Exploring the lived experiences of adults using home enteral nutrition and their caregivers: A meta‐aggregation qualitative systematic review
Why this work is in the frame
A frame that forgets how it found something cannot be audited. These are the routes that admitted this work.
Bibliographic record
Abstract
Home enteral nutrition (HEN) provides nutrition through a tube to individuals at home who cannot meet their needs by mouth. Systematic reviews have explored the experiences of HEN subpopulations, such as those with head and neck cancers. Given HEN services care for adults with various underlying conditions, a synthesis of the experiences of all adults using HEN and their caregivers is warranted. The purpose of this study is to summarize the experiences of HEN adult users and their caregivers regardless of underlying condition. Medline, PsychINFO, EmBase and CINAHL were systematically searched in January 2024. Studies with qualitative results and adult participants and focused on HEN were included. Studies with participants in nursing facilities, results using word counts, or not in English were excluded.

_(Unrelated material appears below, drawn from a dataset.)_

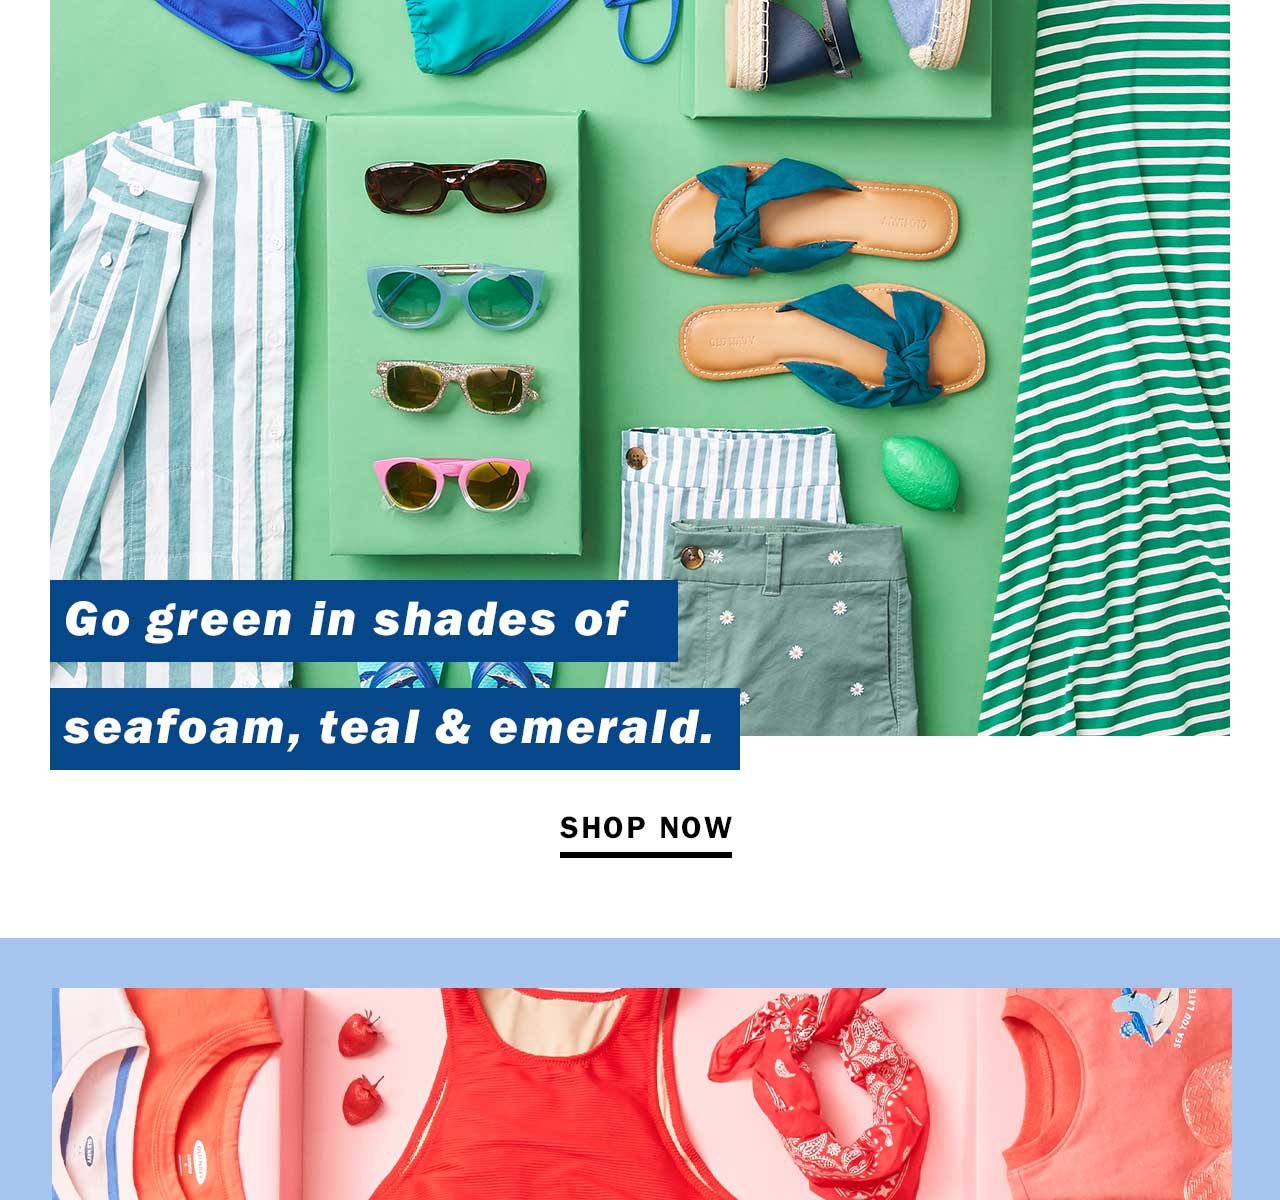 Go green in shades of seafoam

Study quality was assessed using the Johanna Briggs Institute (JBI) qualitative checklist. Study design and participants' details were extracted. Themes were collated using the JBI meta-aggregative method. Forty studies (n = 732) were included. Three synthesized findings were identified: positive experiences (very low ConQual score), negative experiences (low ConQual score), and facilitators and coping mechanisms (moderate ConQual score). Although more negative than positive experiences were reported, users and caregivers who developed coping mechanisms or accessed supports viewed HEN as a worthwhile experience. Those with few supports or coping mechanisms did not. Based on this review, it is proposed that before starting HEN, users and caregivers should be made aware of the available supports and coping mechanisms. As negative experiences arise, healthcare providers should help users and caregivers access supports to improve their experiences.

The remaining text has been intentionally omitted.